The first area of research entailed the preparation of luminescent carbon nanoparticles from natural gas soot. The photoluminescence was found to be enhanced by more than 10 folds when the particles were subject to hydrothermal treatment between 200 and 340 ^oC for varied periods of time (up to 15 hours). This was accounted for by the removal of quinone moieties from the particle surface, which are well-known as electron acceptors. Consistent results were observed in UV-vis, NMR, and electrochemical measurements. Such a strong correlation may be exploited for controlled functionalization of carbon nanoparticles and manipulation of their optoelectronic properties. Another study was carried out with ruthenium nanoparticles functionalized with pyrene moieties that were prepared by olefin metathesis reactions of carbene-stabilized nanoparticles with vinyl derivatives of pyrene. The particle-bound pyrene moieties were found to behave equivalently to pyrene dimers with a conjugated linker by virtue of the Ru=carbene pi bonds.

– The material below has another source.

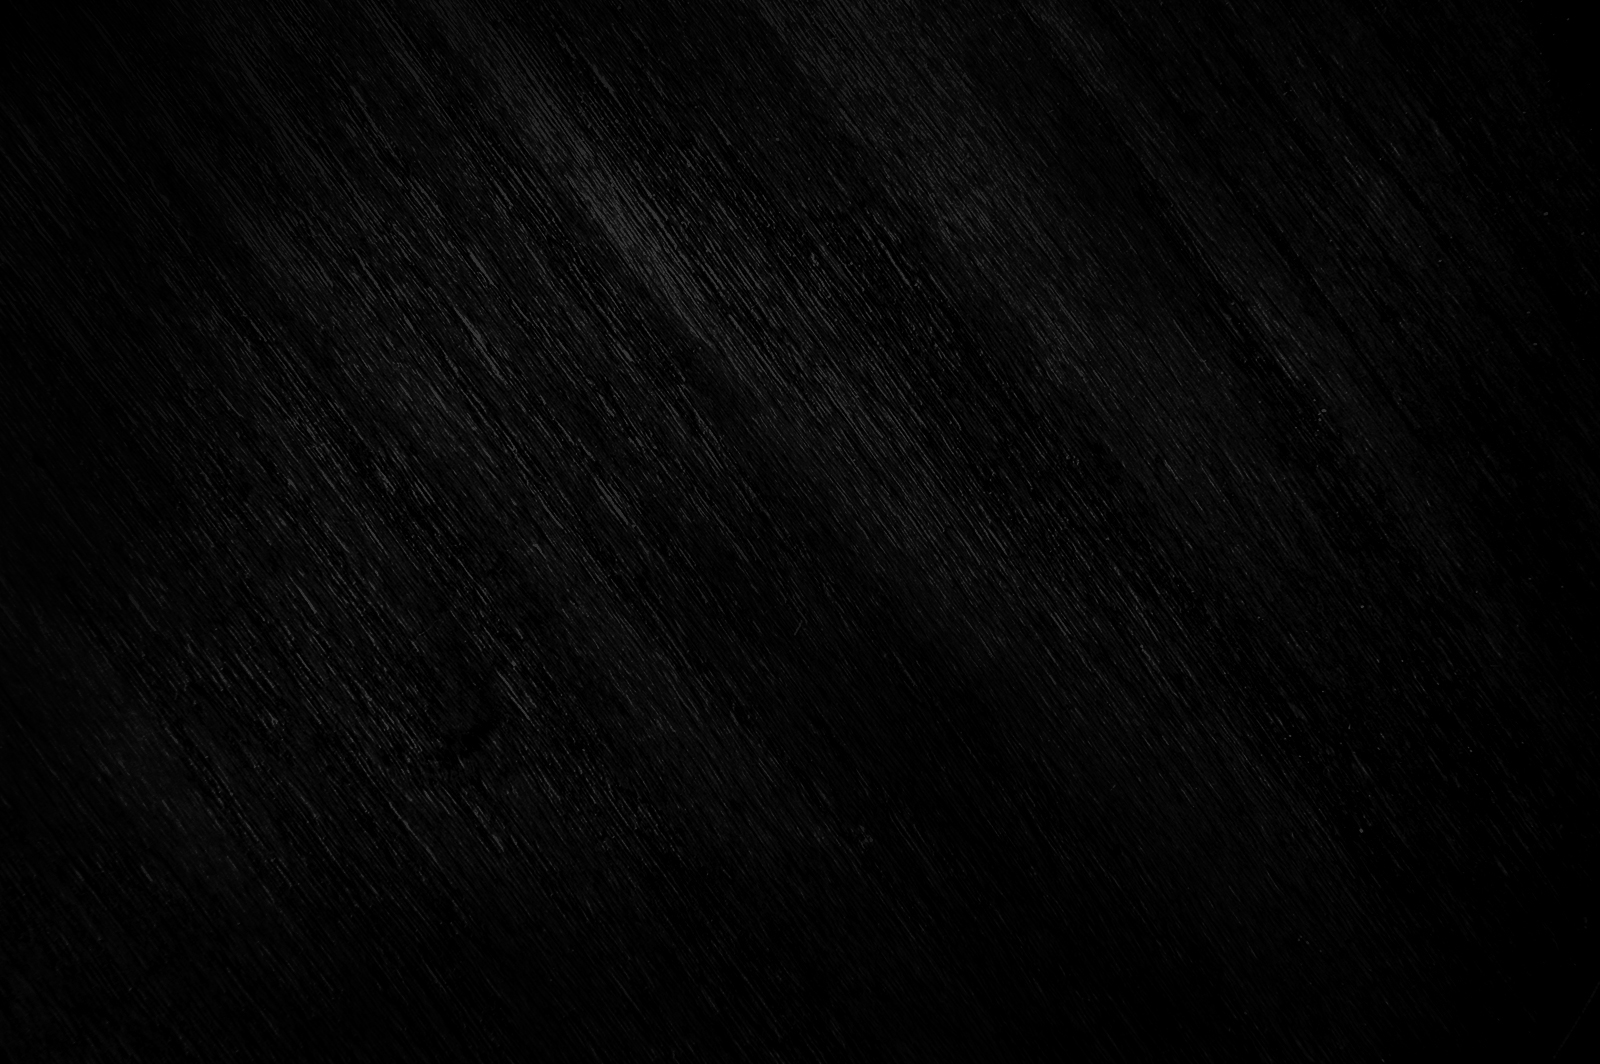 Free Download For Dark Textured Wallpapers Black Background And Some Ppt Template 1600x1064 For Your Desktop Mobile Tablet Explore 48 Textured Black Wallpaper Textured Wallpaper Designs Textured Paintable Wallpaper

In the second area of reserch, we carried out three studies. (i) SnO₂ nanoparticles were synthesized by a facile electrochemical method based on anodic oxidation of a tin metal sheet. The resulting particles, with an average diameter of around 20 nm, were then loaded with Au nanoparticles of varied sizes (15 to 35 nm in diameter). It was found that the incorporation of gold nanoparticles significantly improved the catalytic activity of SnO₂ nanoparticles towards oxygen electroreduction. (ii) TiO₂ nanotube arrays were synthesized by anodization of Ti metal sheets followed by thermal annealing at elevated temperatures from 400 °C to 600 °C. X-ray diffraction measurements showed that the as-prepared nanotubes were largely amorphous whereas thermal annealing at 470 °C led to the emergement of the brookite crystalline phase (along with the anatase phase), which became better defined at 500 °C and disappeared at higher temperatures, a phenomenon that has not been observed previously in TiO₂ nanotube arrays prepared by anodization. The impacts of the TiO₂ nanocrystalline structure on the photocatalytic activity were then examined by using the reduction of methylene blue in water as an illustrating example, and the sample thermally annealed at 500 °C was found to exhibit the highest activity. These results demonstrate the significance of nanoscale engineering in the manipulation of oxide photocatalytic performance. (iii) Au-TiO₂ snowman-like heterodimer nanoparticles were prepared by a surface sol gel process based on gold Janus nanoparticles whose surface protecting monolayers consisted of  a hemisphere of hydrophobic 1-hexanethiolates and the other of hydrophilic 2-(2-mercaptoethoxy)ethanol. Transmission electron microscopic measurements showed that the resulting TiO₂ nanoparticles (dia. 6 nm) exhibited well-defined lattice fringes that were consistent with the (101) diffraction planes of anatase TiO₂. The heterodimer nanoparticles displayed apparent photoluminescence that was ascribed to electronic transitions involving trap states of the TiO₂ particles, and the photocatalytic activity was manifested by the oxidative conversion of methanol into formaldehyde which was detected quantitatively by the Nash method.